## Recorded information:
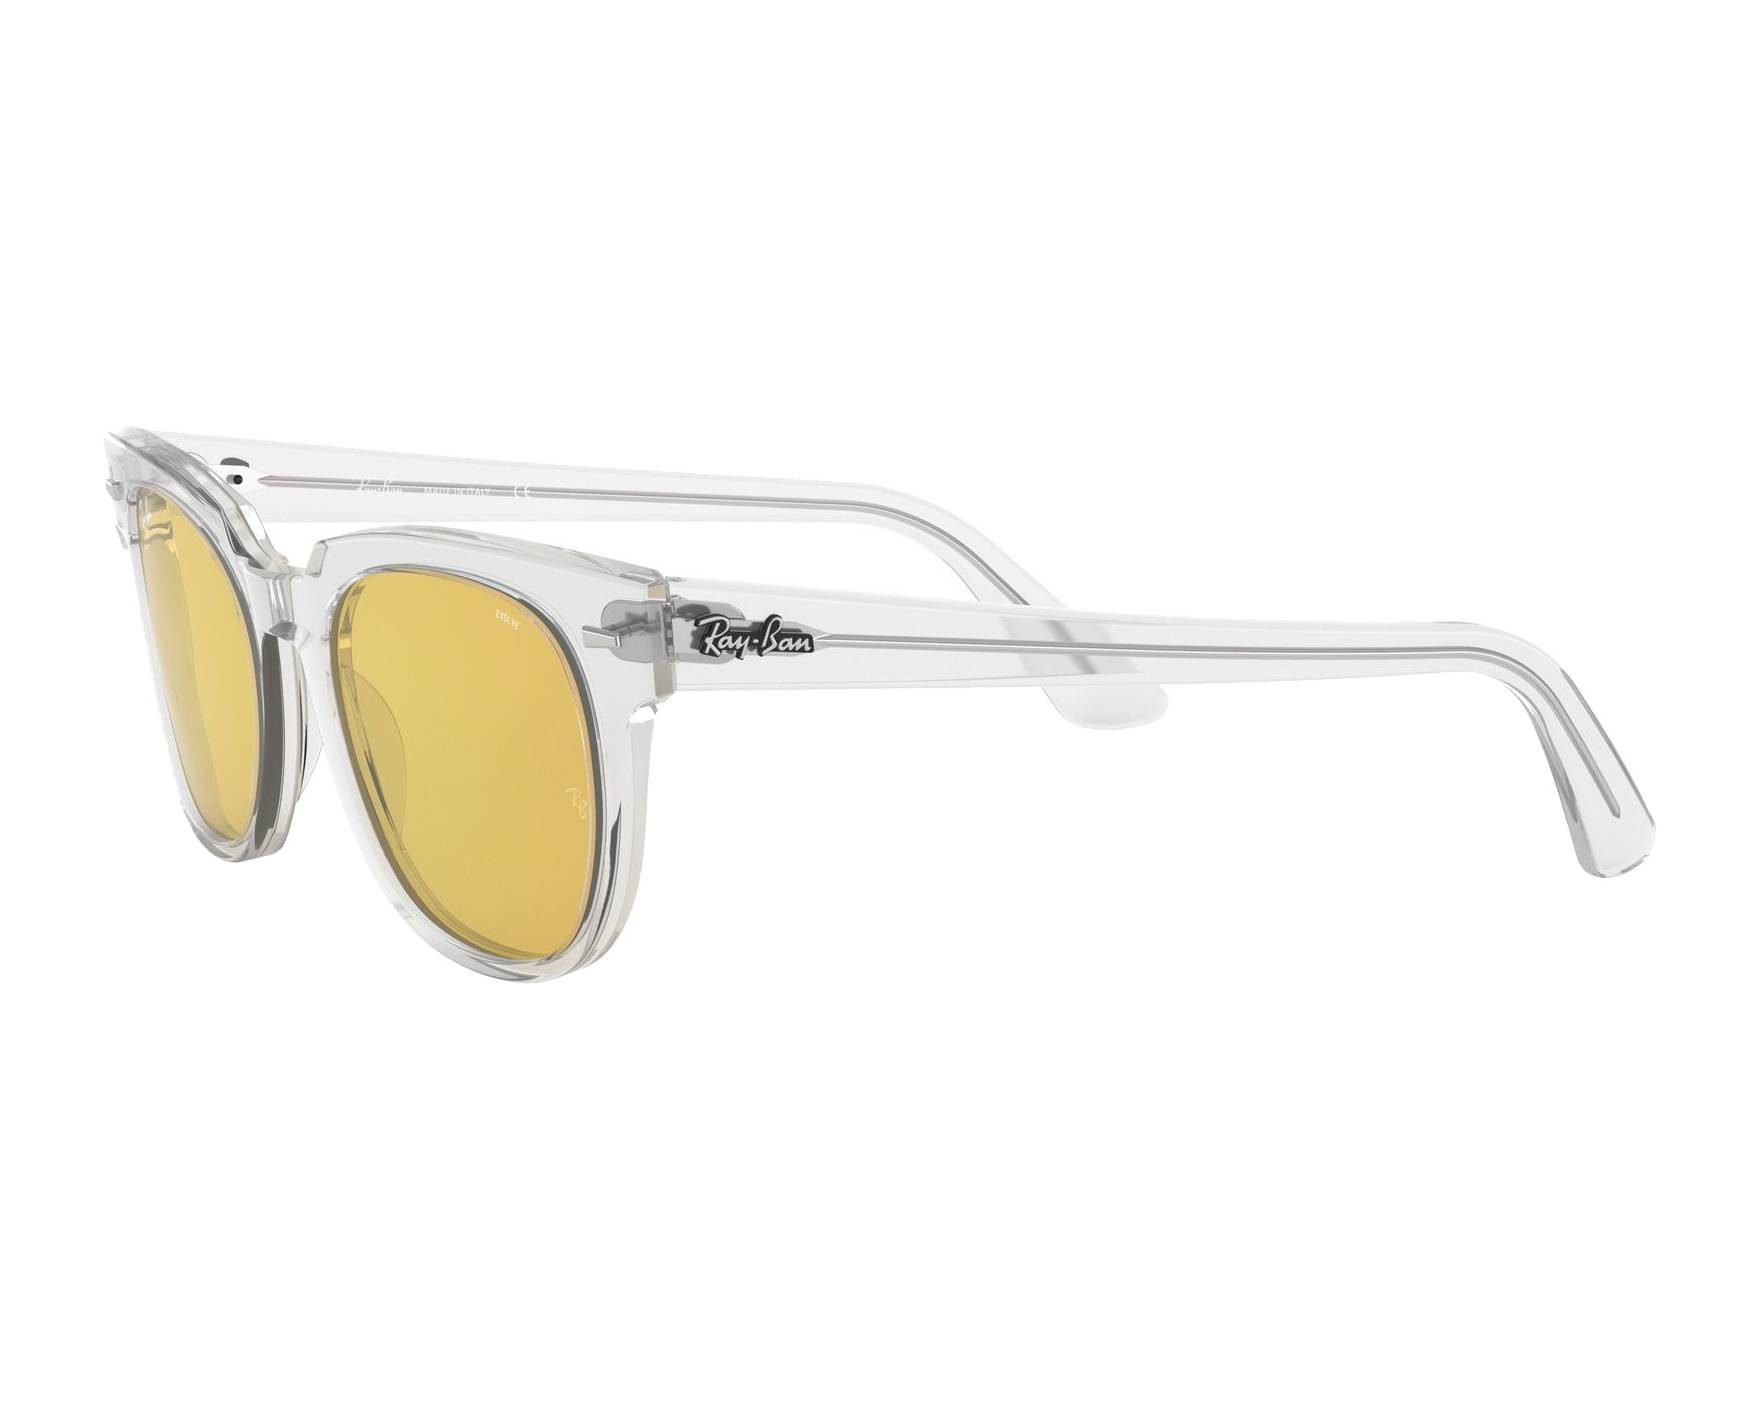 50b86c82b6d Sunglasses Ray-Ban RB-2168 912 4A 50-20 Crystal 360 degree
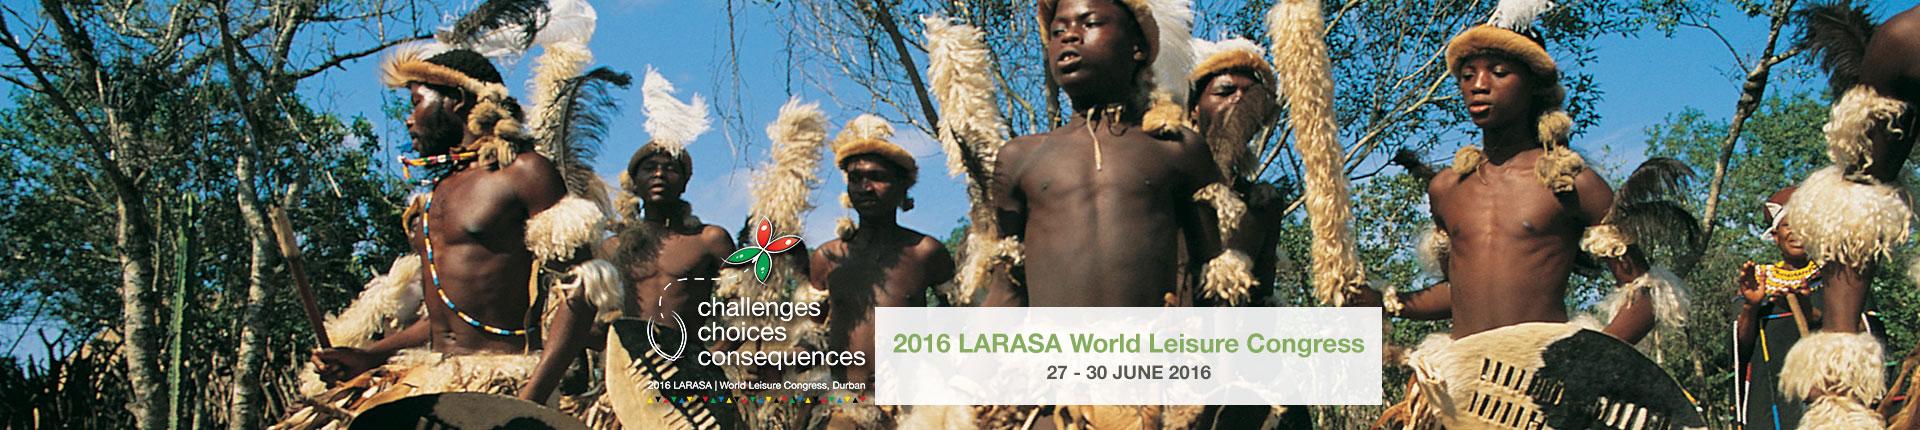 larasa-banners-7
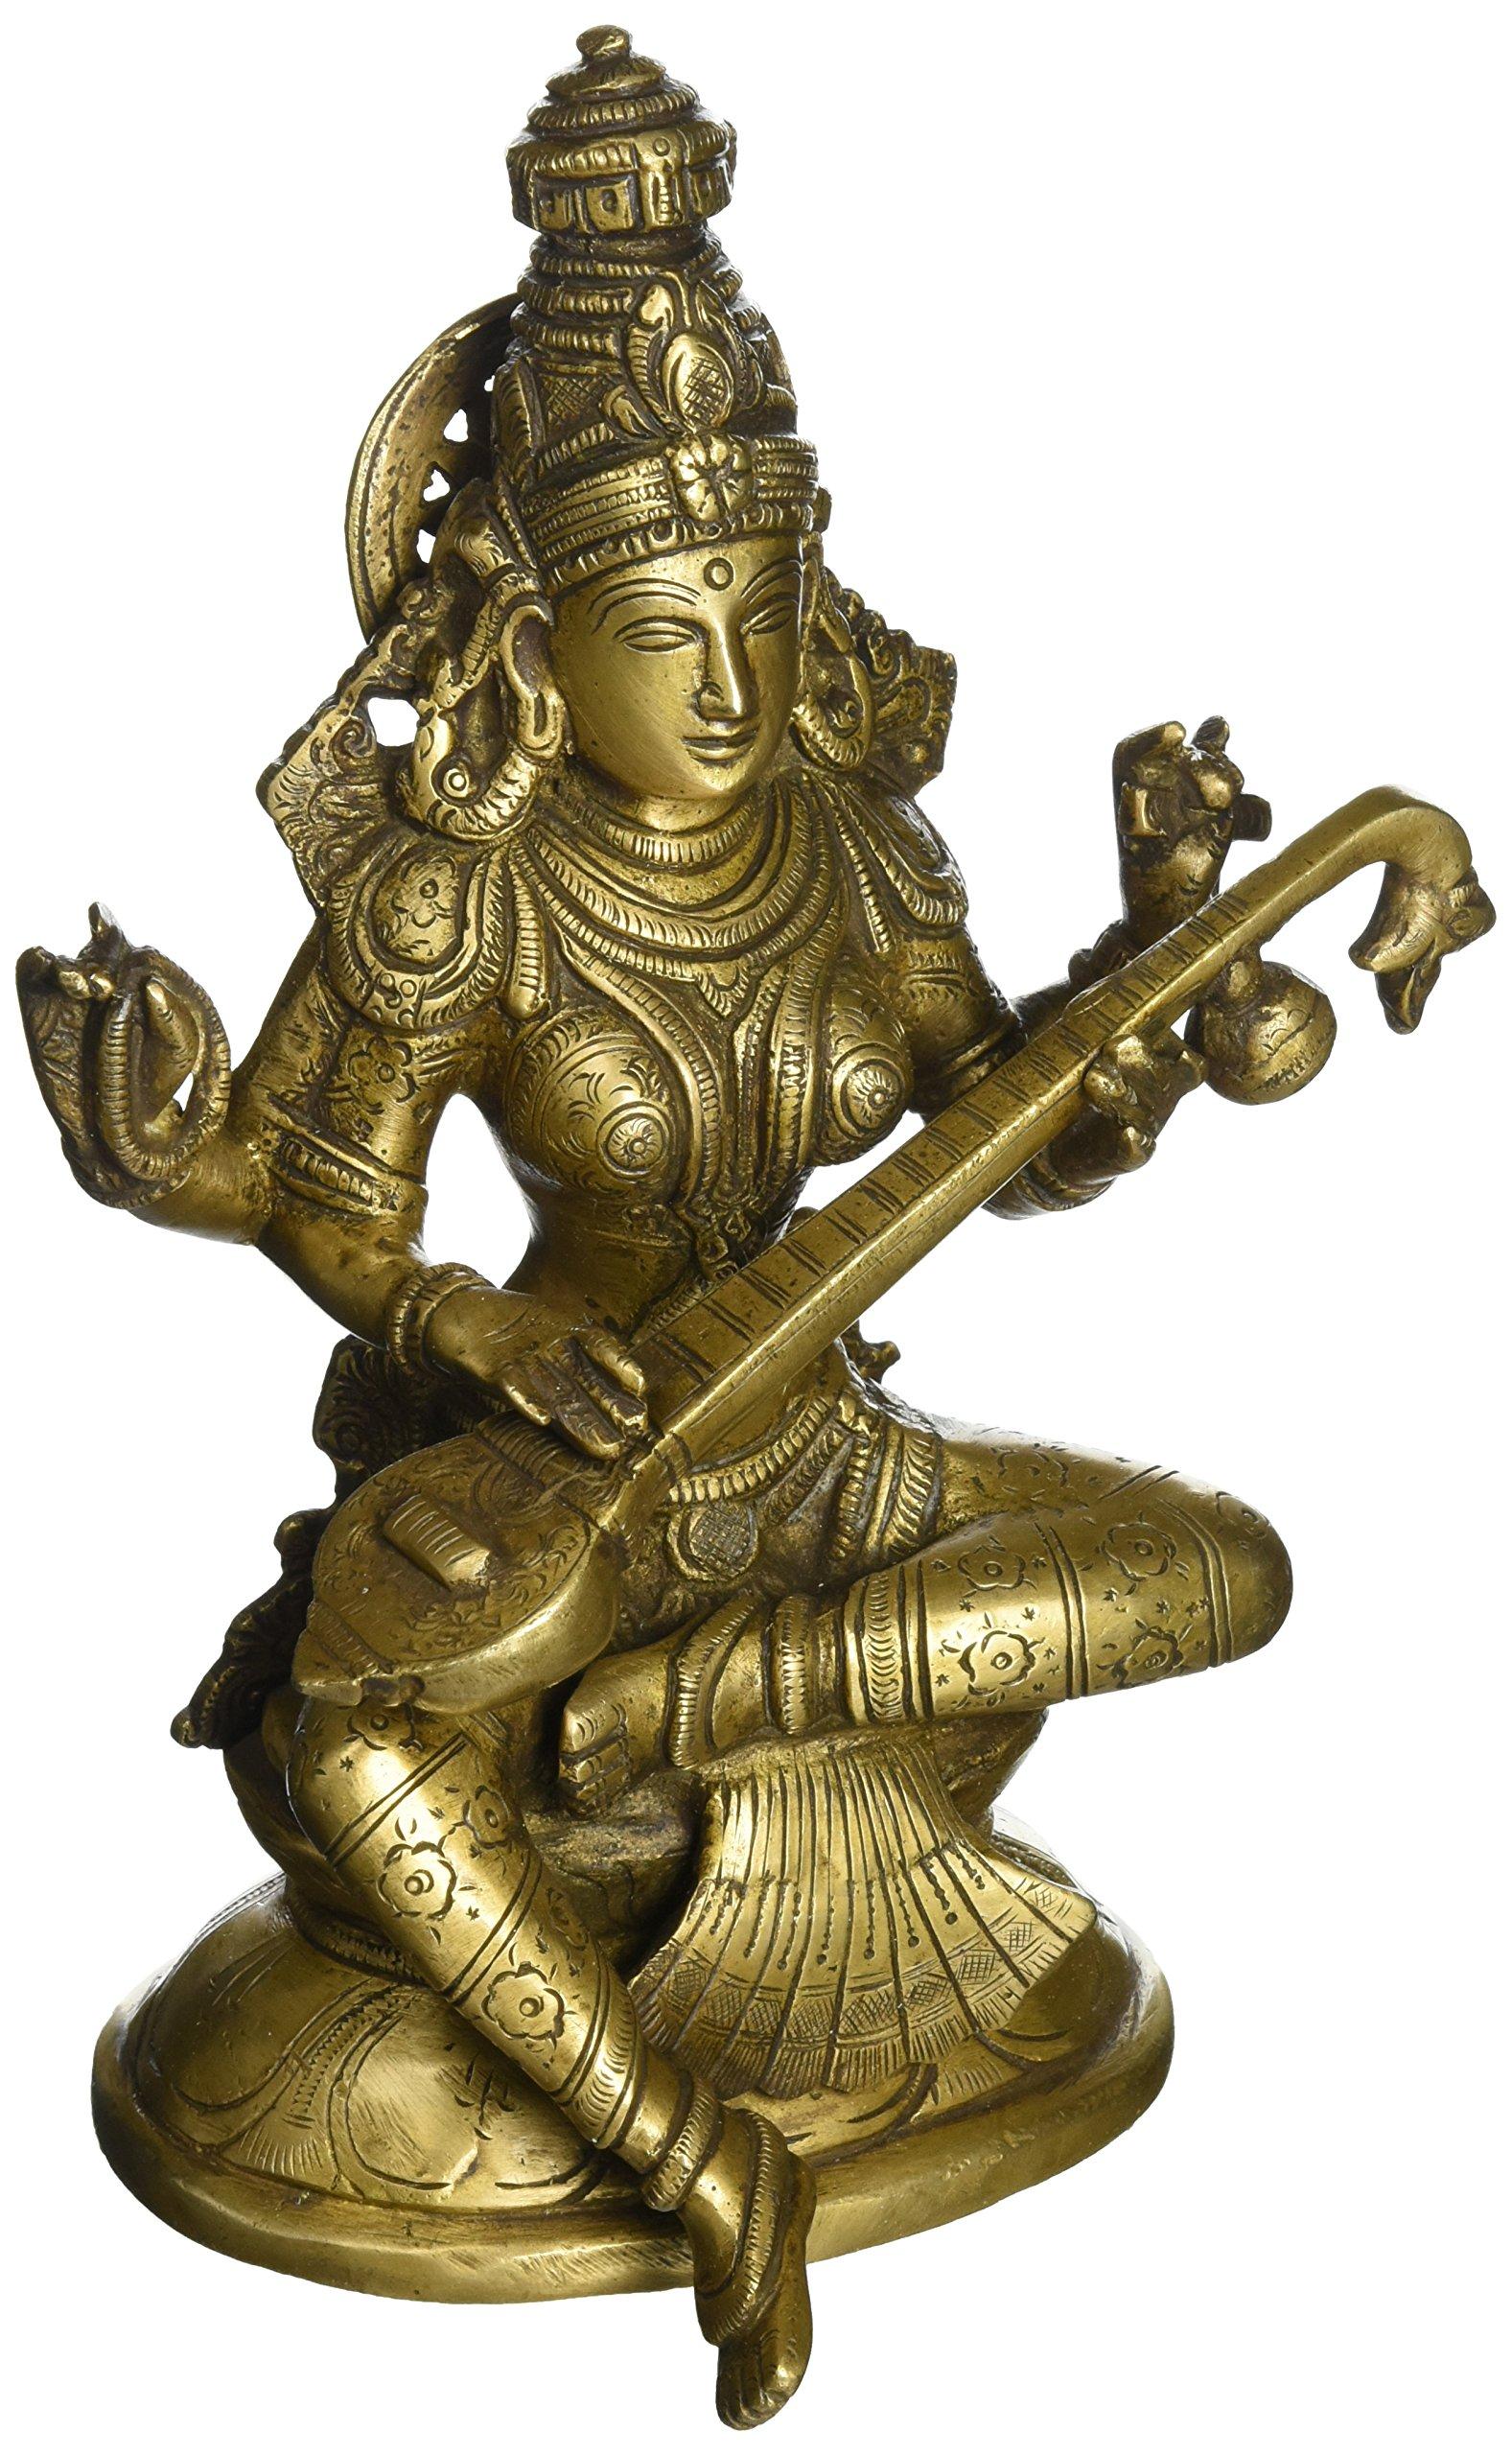 Religious Brass Figurines For Puja Goddess Saraswati Hindu Decor 8 Inch 1.62 Kg

## Aim of the task:
Exact copies of the lines from the one containing "larasa-banners-7" through the final line of the data are required; pictures are to be omitted.

## Solution:
 larasa-banners-7
 Religious Brass Figurines For Puja Goddess Saraswati Hindu Decor 8 Inch 1.62 Kg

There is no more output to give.